» **PROVIDED DATA**:
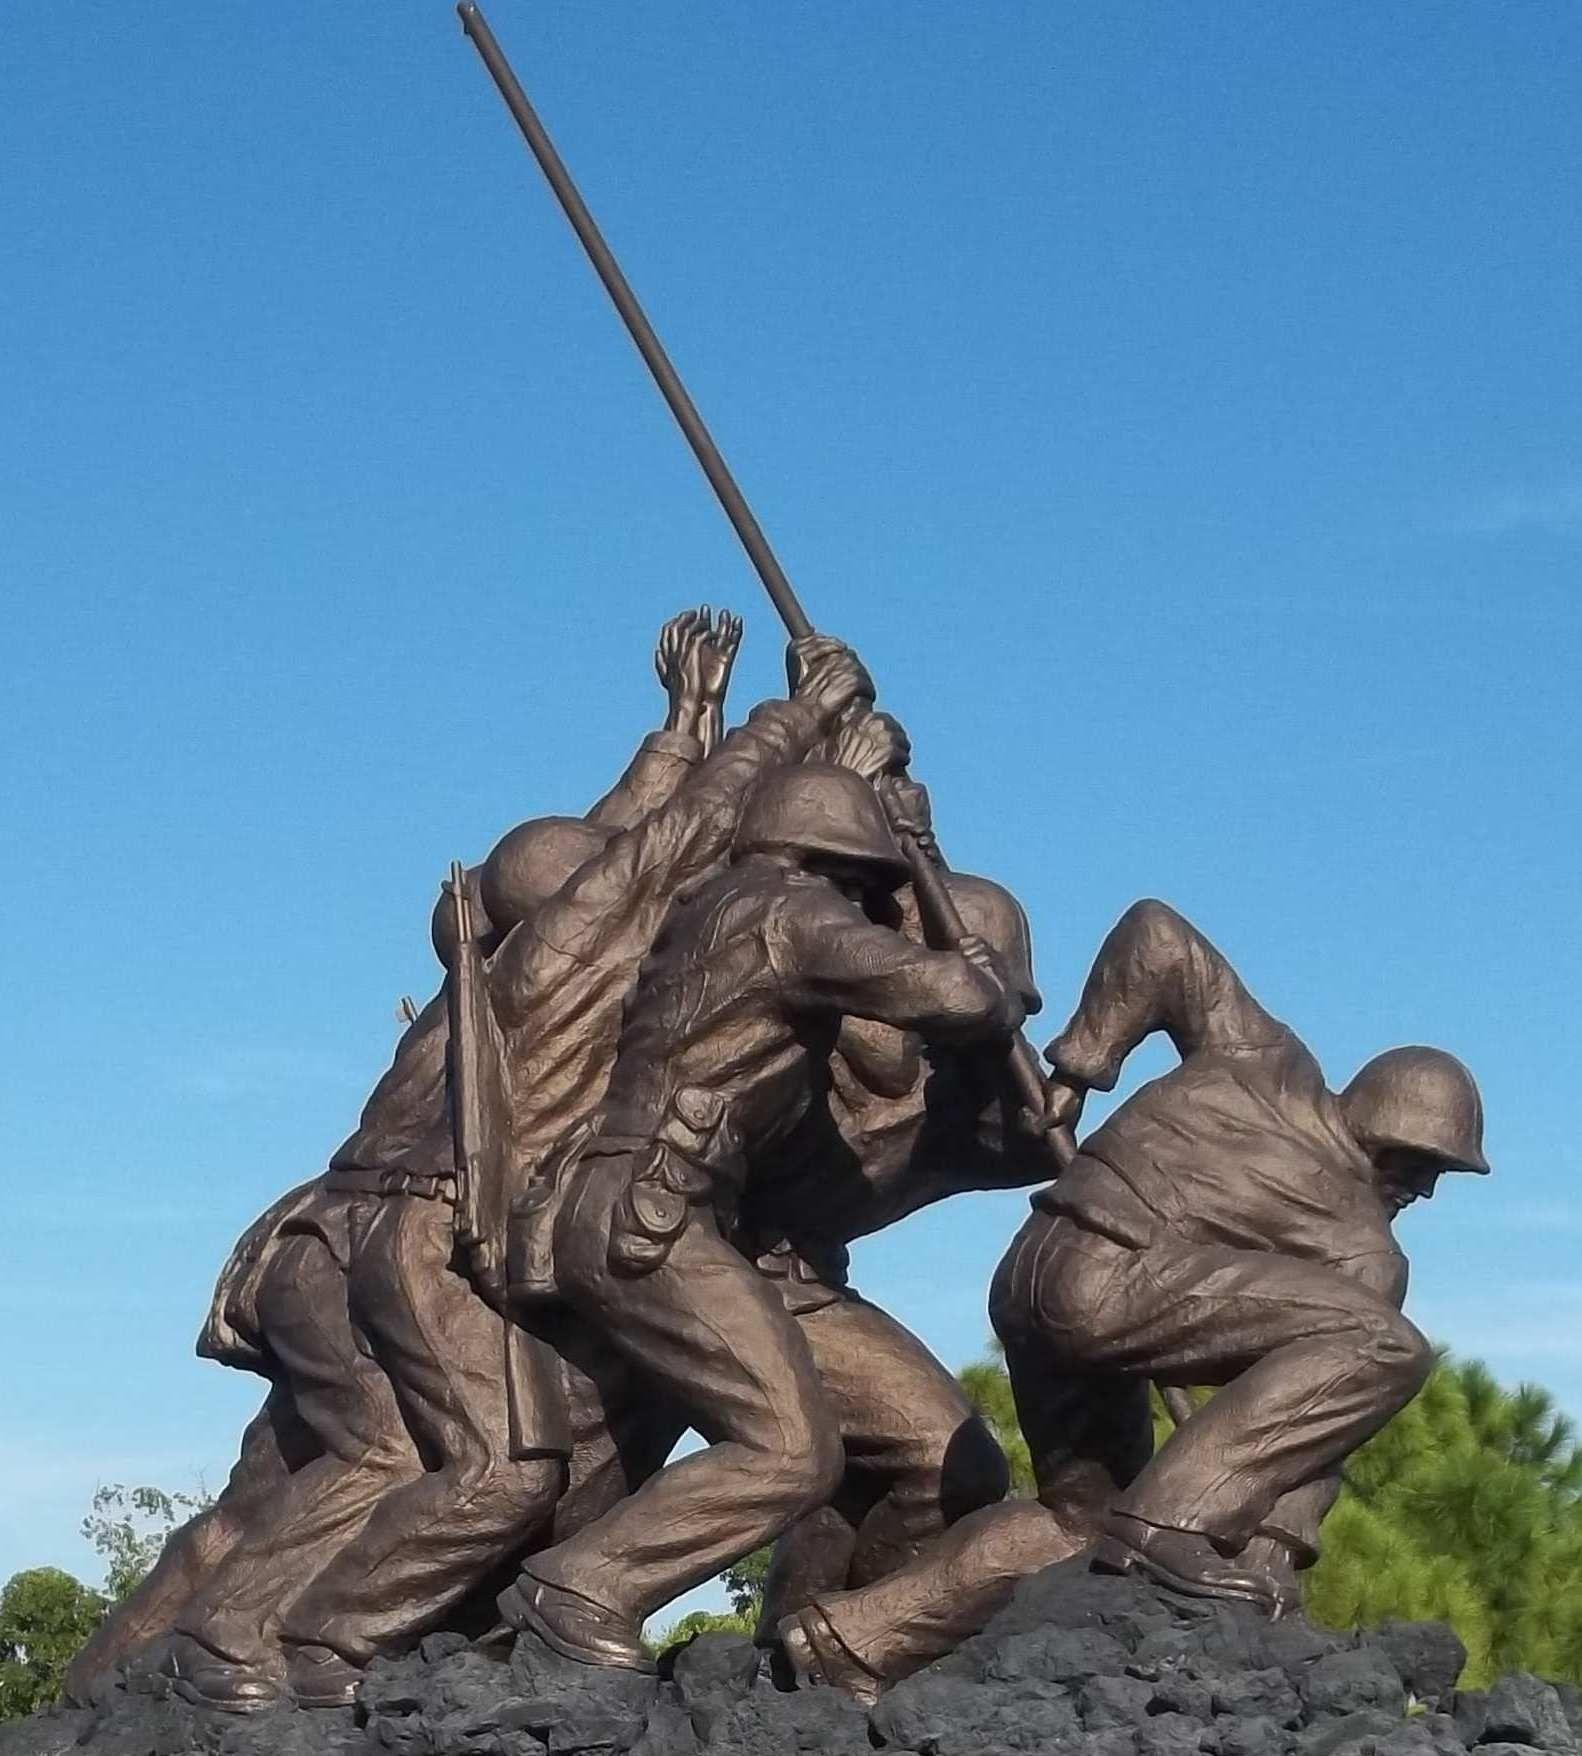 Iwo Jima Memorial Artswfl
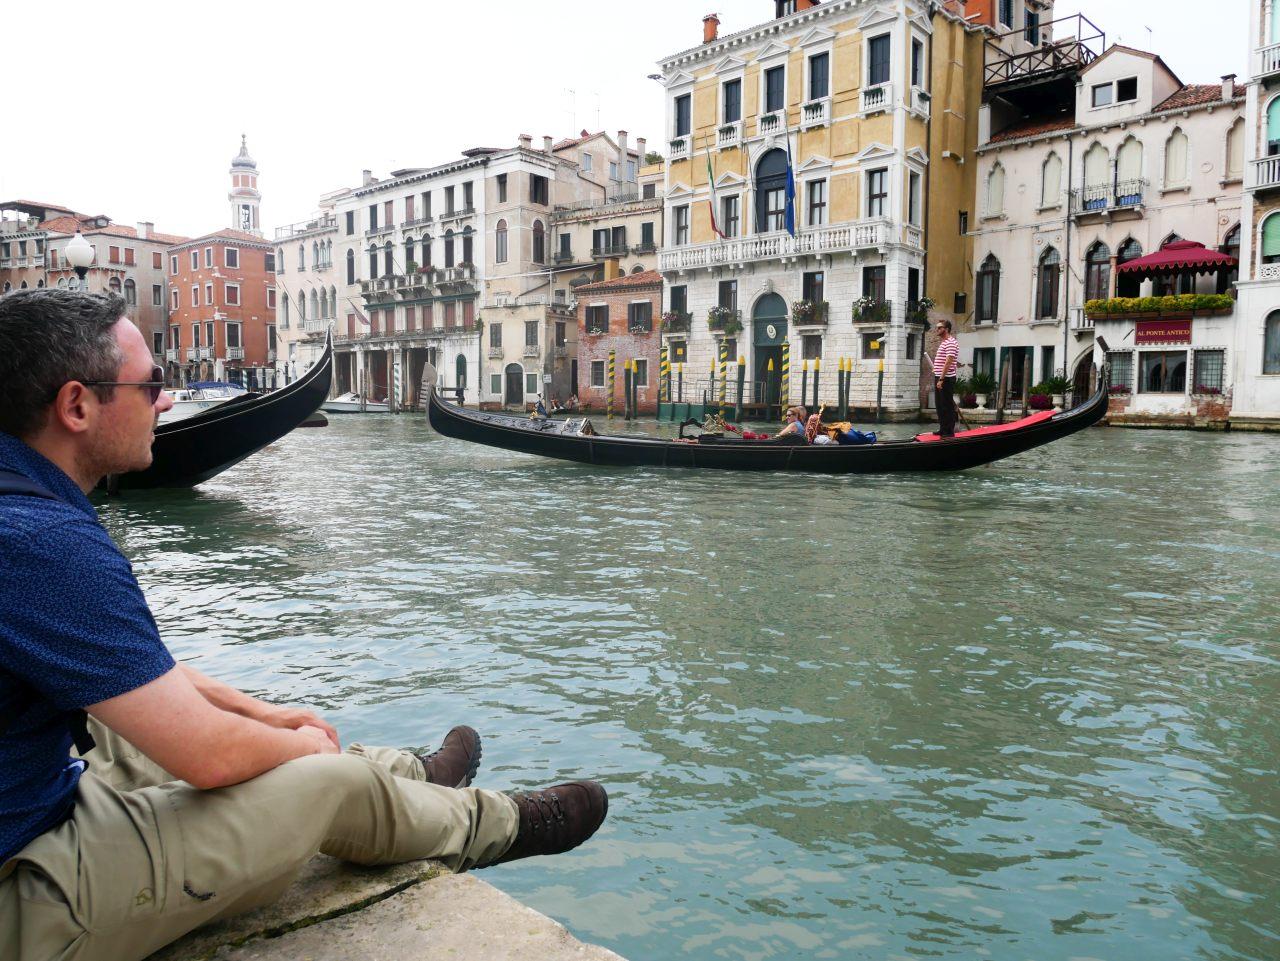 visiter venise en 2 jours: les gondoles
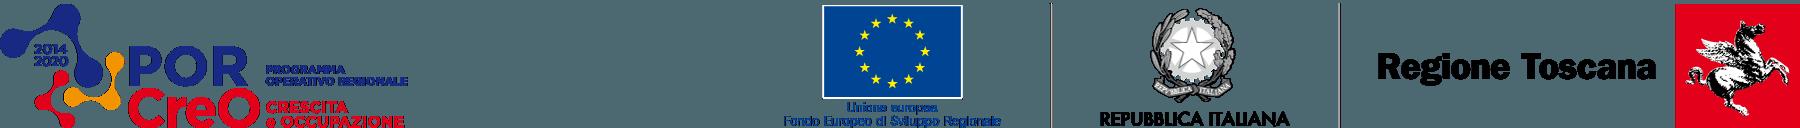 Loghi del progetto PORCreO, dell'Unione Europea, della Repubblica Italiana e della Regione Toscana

» **INSTRUCTIONS FOR THE TASK**: Word for word, restate every line of the listing, omitting the pictures.

» **ANSWER BOX**:
 Iwo Jima Memorial Artswfl
 visiter venise en 2 jours: les gondoles
 Loghi del progetto PORCreO, dell'Unione Europea, della Repubblica Italiana e della Regione Toscana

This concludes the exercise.